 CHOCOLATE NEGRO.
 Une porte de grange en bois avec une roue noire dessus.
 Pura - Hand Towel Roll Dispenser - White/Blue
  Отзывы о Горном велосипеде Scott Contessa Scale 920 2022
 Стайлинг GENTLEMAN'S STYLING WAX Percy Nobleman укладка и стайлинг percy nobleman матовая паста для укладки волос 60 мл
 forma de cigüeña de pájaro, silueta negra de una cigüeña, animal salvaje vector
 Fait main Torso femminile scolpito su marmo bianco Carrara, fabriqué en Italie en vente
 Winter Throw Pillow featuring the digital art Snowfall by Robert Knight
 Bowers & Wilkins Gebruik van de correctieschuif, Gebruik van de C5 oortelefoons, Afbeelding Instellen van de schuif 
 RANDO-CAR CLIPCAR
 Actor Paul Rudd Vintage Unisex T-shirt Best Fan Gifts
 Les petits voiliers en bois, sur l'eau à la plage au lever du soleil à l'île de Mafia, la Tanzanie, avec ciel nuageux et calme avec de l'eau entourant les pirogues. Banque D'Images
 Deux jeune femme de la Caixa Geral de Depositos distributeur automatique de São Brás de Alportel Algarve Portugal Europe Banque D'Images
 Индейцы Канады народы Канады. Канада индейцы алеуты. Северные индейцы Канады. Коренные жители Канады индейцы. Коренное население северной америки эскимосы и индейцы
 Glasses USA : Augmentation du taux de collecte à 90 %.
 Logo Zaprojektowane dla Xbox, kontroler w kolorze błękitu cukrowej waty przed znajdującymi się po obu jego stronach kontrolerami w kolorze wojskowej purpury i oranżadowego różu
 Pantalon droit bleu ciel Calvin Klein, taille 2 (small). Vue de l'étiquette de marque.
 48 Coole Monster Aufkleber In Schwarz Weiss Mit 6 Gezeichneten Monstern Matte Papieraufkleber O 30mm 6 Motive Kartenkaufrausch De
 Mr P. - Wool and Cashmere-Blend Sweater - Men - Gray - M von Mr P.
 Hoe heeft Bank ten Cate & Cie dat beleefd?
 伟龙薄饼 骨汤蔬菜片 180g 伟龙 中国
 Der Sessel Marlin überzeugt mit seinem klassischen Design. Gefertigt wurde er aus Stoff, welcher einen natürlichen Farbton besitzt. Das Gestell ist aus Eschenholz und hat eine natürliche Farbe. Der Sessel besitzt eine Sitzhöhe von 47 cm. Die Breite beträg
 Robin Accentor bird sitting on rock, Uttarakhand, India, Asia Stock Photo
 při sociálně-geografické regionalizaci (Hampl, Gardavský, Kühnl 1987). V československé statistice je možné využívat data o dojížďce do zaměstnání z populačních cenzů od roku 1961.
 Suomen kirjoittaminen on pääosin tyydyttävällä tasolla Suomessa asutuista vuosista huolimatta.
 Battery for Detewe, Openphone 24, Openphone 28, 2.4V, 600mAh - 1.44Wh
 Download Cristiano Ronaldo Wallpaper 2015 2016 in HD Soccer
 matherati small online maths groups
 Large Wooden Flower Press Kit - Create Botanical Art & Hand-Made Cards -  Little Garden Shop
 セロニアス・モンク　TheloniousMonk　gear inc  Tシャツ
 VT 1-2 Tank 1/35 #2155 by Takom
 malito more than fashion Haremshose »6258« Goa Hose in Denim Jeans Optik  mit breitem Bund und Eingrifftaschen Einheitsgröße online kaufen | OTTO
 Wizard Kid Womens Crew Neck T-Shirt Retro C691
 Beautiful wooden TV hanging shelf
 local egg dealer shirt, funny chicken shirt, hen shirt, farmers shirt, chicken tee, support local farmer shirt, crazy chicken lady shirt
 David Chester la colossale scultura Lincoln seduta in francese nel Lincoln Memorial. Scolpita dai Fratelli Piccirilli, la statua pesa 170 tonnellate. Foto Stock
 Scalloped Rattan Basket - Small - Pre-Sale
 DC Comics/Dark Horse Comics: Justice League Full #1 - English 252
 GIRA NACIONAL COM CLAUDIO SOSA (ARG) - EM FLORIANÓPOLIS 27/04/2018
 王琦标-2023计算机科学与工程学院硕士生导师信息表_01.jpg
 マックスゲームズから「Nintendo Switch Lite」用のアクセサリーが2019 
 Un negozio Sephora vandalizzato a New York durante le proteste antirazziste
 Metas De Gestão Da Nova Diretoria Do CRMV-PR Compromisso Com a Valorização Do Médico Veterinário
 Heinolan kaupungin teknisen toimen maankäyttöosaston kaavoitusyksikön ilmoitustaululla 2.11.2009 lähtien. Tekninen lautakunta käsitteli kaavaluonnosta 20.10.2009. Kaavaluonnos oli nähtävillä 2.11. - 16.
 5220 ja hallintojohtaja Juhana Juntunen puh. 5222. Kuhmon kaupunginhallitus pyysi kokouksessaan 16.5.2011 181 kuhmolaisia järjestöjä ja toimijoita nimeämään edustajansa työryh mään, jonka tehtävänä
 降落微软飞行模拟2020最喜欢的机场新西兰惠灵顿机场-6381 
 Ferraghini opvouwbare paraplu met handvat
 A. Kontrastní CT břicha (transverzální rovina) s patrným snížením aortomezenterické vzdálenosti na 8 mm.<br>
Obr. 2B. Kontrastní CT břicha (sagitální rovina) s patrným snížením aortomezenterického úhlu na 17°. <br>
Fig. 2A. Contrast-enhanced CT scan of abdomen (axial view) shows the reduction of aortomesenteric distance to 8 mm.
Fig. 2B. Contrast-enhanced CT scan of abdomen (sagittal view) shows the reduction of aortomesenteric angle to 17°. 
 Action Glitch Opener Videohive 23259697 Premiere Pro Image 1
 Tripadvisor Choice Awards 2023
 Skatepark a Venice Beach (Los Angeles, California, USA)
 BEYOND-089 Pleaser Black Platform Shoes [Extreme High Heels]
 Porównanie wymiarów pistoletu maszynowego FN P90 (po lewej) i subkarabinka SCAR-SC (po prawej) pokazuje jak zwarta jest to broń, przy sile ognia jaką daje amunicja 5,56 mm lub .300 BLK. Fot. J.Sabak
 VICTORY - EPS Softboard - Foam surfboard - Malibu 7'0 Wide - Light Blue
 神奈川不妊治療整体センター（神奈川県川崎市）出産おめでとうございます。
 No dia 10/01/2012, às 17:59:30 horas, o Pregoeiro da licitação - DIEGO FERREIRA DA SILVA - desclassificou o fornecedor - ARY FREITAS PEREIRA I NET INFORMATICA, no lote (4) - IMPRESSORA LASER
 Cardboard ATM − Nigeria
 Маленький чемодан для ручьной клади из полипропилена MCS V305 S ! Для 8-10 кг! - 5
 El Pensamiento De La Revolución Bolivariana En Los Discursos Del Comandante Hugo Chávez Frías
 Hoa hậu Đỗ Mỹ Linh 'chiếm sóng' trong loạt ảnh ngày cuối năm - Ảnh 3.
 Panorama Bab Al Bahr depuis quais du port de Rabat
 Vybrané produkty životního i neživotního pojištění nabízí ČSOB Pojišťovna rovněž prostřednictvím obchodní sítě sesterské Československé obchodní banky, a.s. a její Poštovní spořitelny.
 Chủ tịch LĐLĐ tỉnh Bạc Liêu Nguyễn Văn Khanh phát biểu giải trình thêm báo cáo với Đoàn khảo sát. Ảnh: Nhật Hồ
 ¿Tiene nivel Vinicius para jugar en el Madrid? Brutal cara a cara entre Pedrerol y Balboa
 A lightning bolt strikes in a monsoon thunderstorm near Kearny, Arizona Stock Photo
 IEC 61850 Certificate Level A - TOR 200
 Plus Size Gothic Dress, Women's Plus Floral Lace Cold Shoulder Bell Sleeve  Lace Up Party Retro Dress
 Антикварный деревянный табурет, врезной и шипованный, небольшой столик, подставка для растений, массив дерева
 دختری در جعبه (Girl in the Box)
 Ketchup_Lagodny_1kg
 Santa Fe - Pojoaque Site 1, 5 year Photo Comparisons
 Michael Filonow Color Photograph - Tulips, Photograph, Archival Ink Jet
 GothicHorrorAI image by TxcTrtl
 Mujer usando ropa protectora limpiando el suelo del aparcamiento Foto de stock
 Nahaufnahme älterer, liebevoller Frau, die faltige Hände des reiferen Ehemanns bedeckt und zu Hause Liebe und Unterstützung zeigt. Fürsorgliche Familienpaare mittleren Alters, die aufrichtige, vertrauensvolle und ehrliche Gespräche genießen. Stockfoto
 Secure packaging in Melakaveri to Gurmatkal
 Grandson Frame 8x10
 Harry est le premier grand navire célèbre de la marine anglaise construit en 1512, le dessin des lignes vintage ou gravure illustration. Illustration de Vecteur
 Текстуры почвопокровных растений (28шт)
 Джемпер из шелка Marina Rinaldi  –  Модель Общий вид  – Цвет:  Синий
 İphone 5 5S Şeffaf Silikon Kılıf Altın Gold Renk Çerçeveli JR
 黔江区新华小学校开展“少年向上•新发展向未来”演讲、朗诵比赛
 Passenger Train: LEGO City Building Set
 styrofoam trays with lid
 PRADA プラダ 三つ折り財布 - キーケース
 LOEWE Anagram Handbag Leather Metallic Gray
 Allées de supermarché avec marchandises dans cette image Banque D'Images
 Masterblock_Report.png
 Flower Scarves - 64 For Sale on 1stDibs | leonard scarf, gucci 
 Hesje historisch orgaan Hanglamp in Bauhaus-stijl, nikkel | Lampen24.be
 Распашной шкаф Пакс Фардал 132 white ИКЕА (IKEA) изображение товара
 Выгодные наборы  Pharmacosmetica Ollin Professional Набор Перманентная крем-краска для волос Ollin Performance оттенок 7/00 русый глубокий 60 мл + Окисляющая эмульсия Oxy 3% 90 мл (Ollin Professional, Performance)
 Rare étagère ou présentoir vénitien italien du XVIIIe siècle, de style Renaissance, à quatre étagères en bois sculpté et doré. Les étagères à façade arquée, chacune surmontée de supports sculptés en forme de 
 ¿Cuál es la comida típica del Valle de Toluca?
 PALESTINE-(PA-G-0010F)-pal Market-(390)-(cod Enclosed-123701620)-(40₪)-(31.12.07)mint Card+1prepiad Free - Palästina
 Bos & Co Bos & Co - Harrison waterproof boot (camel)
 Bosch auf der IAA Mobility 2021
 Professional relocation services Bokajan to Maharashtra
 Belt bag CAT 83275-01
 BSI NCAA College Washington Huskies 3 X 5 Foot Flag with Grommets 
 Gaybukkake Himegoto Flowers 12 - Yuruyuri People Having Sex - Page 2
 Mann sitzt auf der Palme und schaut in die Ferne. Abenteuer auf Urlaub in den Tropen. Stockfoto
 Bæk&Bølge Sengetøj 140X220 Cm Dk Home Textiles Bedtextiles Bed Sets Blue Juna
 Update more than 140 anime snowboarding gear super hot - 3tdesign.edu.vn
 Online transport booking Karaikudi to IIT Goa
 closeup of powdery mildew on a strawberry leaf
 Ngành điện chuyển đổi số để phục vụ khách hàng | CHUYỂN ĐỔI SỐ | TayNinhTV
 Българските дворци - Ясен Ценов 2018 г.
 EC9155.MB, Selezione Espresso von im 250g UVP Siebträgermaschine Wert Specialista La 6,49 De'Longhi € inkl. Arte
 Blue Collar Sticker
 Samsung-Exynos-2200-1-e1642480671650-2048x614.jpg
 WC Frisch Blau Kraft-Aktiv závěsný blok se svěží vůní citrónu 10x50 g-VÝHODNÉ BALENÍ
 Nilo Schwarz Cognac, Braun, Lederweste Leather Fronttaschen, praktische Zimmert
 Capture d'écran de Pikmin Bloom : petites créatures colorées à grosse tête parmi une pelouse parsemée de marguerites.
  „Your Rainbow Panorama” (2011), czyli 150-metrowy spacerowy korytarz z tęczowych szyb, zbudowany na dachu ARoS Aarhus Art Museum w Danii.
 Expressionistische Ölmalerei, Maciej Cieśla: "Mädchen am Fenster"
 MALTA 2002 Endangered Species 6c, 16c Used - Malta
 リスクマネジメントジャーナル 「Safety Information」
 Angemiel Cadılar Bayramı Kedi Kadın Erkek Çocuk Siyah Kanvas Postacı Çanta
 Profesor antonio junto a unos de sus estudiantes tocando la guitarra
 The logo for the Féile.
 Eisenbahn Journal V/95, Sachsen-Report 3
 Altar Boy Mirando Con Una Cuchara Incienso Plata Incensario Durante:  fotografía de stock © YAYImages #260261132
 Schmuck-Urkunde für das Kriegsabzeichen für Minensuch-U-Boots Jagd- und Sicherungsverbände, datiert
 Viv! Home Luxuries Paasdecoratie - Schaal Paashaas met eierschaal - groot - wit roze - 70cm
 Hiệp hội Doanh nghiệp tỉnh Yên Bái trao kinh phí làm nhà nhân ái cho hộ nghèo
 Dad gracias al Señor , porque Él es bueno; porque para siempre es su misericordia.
_ _ _ _
## PROBLEM TO WORK ON
Reproduce, exactly as they stand in the data above, the lines from the one that holds "Bos & Co Bos" to the one that holds "Gaybukkake Himegoto Flowers", inclusive.

## TASK RESPONSE
 Bos & Co Bos & Co - Harrison waterproof boot (camel)
 Bosch auf der IAA Mobility 2021
 Professional relocation services Bokajan to Maharashtra
 Belt bag CAT 83275-01
 BSI NCAA College Washington Huskies 3 X 5 Foot Flag with Grommets 
 Gaybukkake Himegoto Flowers 12 - Yuruyuri People Having Sex - Page 2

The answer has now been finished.